I HATE YOU, BUT I LOVE

I HATE YOU, BUT I LOVE
EPISODE 44



Jihan tiba di sekolah bersama Alviro, ia tidak bisa menolak ketika Alviro memaksanya untuk berangkat ke sekolah bersama.


"Makasih" ucap Jihan datar, kemudian membuka pintu mobil.


"Loh kok gak bisa di buka? " gumam Jihan bingung, pintu mobil Alviro tidak bisa di buka.


"Heh! lo ngunci pintu nya? " Jihan menoleh pada Alviro yang terlihat biasa saja.


"Alviro!! " panggil Jihan lagi.


"Gue mau bukain pintunya, asal ada satu syarat! " ujar Alviro tersenyum penuh arti.


"Loh gila apa? udah mau bel, dan lo masih mau bermain seperti ini! " Jihan tak habis pikir dengan Alviro, 5 menit lagi bel akan segera berbunyi.

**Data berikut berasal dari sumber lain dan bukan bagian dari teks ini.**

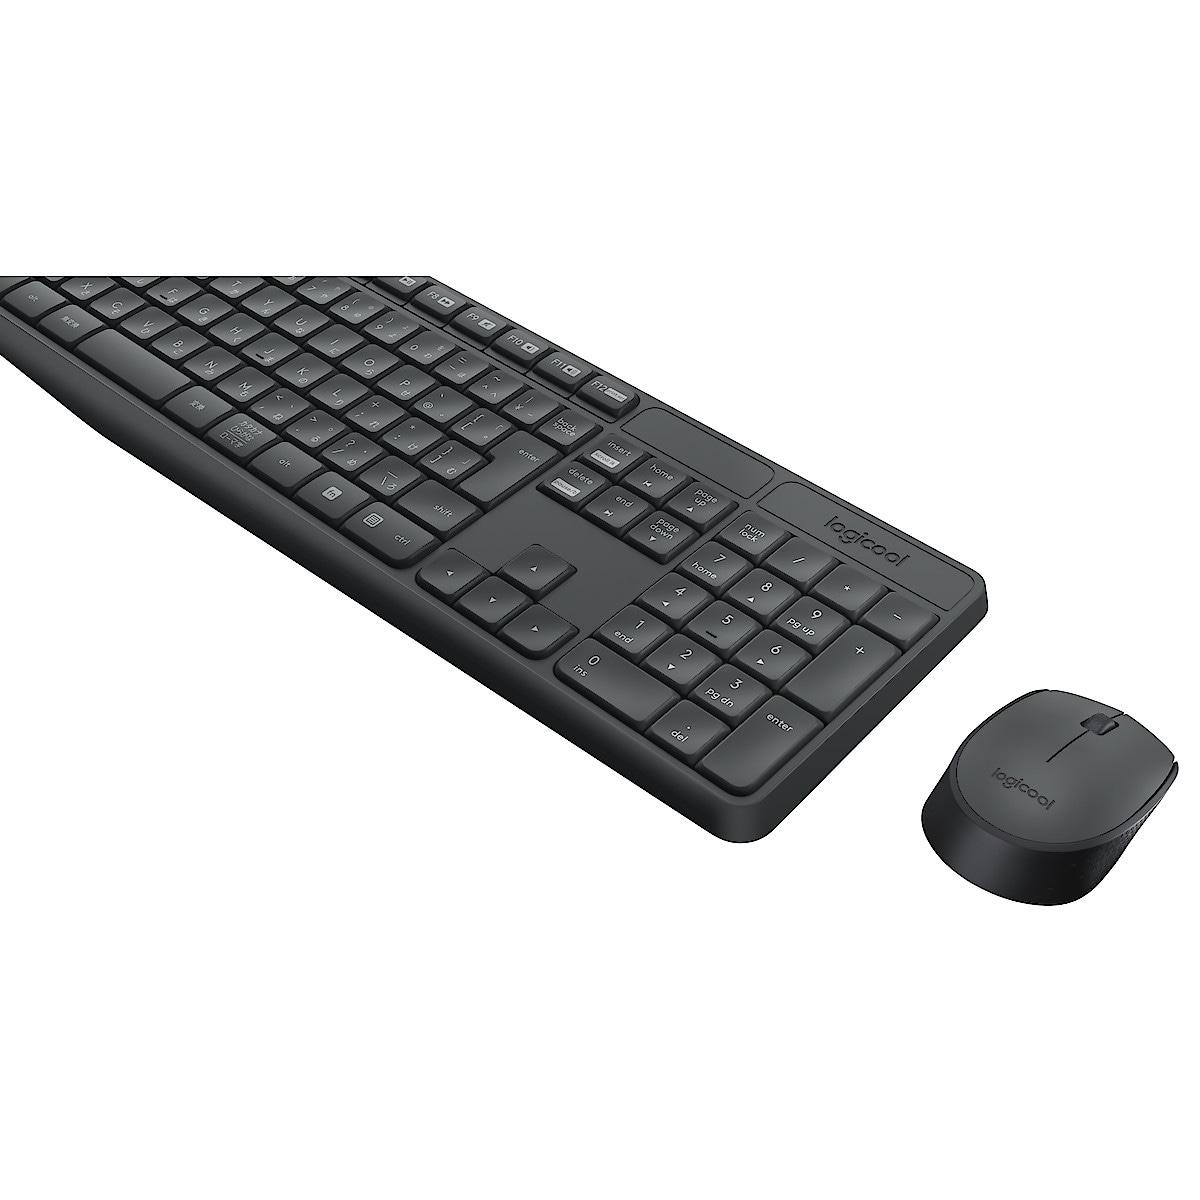 Trådløst tastatur og mus | Clas Ohlson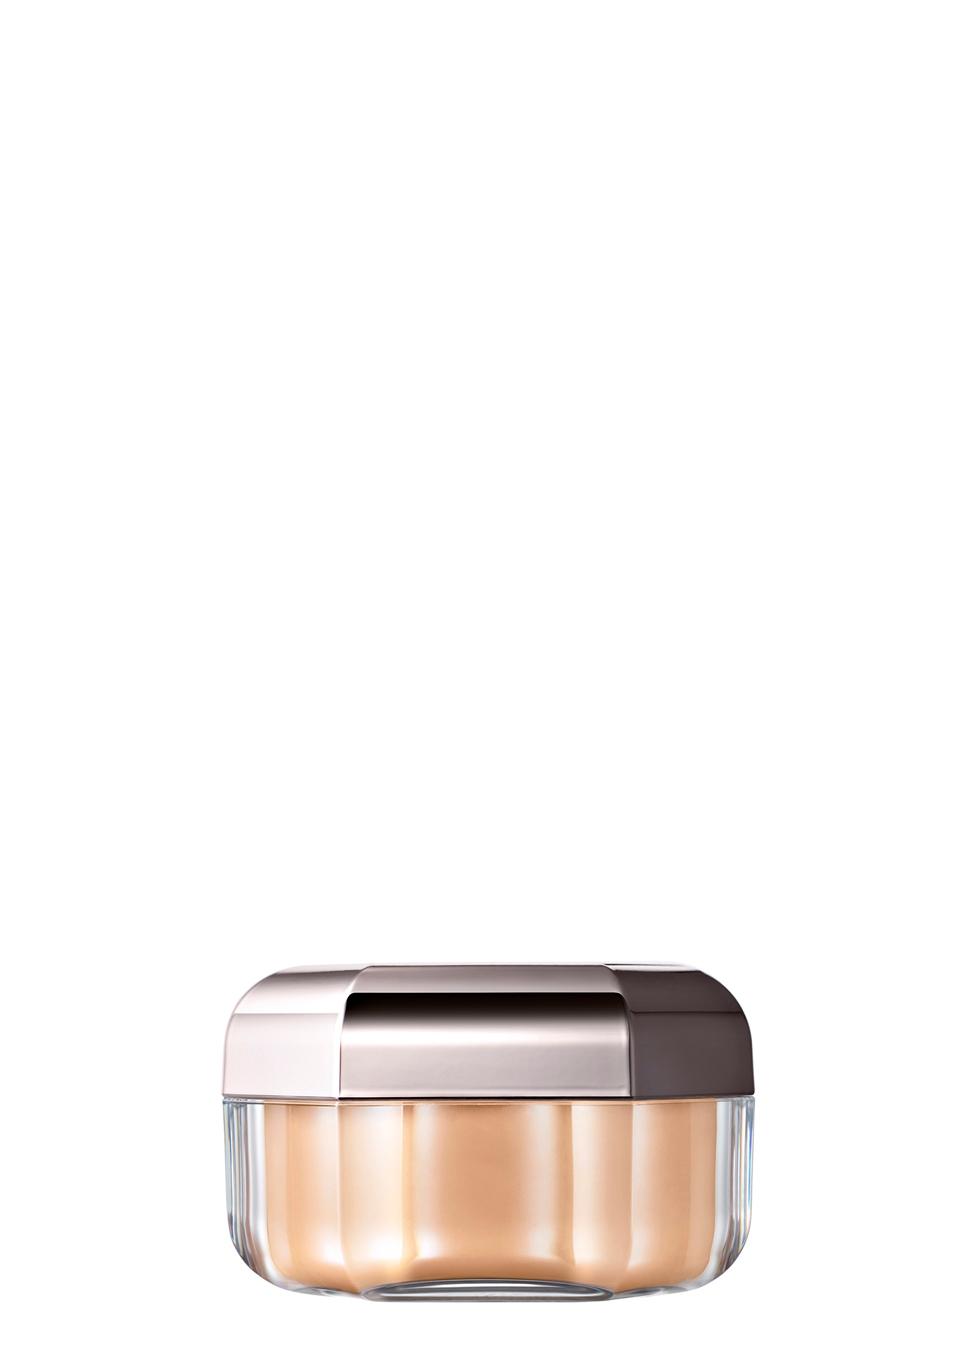 Pro Filt'r Instant Retouch Setting Powder - Cashew - FENTY BEAUTY

"Yaudah, kalo lo gak mau. Kita tetap di sini aja! "


Jihan mendesah pelan, ia tidak punya pilihan lain. Jika ia tetap melawan Alviro, maka ia akan terlambat masuk kelas. Mereka pasti di hukum lagi oleh Arvan.


"Ihh Yaudah iya, apa syarat nya! "


Alviro tersenyum lebar, ia memperbaiki posisi duduknya jadi menghadap ke Jihan.


"Bilang sama gue, kalo lo, suka sama gue! "


"What?? " mata Jihan membulat, Alviro terlihat seperti anak SMP sekarang.


"Kenapa? gak mau? " potong Alviro.


"Lo udah kaya anak SMP Tahu gak, gak malu apa? umur dah tua juga, masih aja kek anak kecil"


"Yaudah, kita di sini aja sampe pulang" Gumam Alviro dengan nada suara merajuk, ia melipat, kedua tangannya di depan dada.


Hufff..... Jihan menarik nafas dalam, kemudian menatap Alviro malas.


"gue suka sama lo" ucap Jihan hampir tak terdengar oleh Alviro. 5


"Apa? gue gak denger"


Rahang Jihan mengeras, ia benar-benar merasa jengkel pada Alviro.


Hufffff....


"Alviro, gue suka sama lo! " ulang Jihan dengan nada yang lebih keras.


"Nah baru deh gue bukain" kekeh Alviro tersenyum menang. Ia membuka kunci pintu mobilnya.


Jihan memutar bola matanya, ia sudah jengah dengan kelakuan Alviro yang semakin ke sini, semakin menyebalkan.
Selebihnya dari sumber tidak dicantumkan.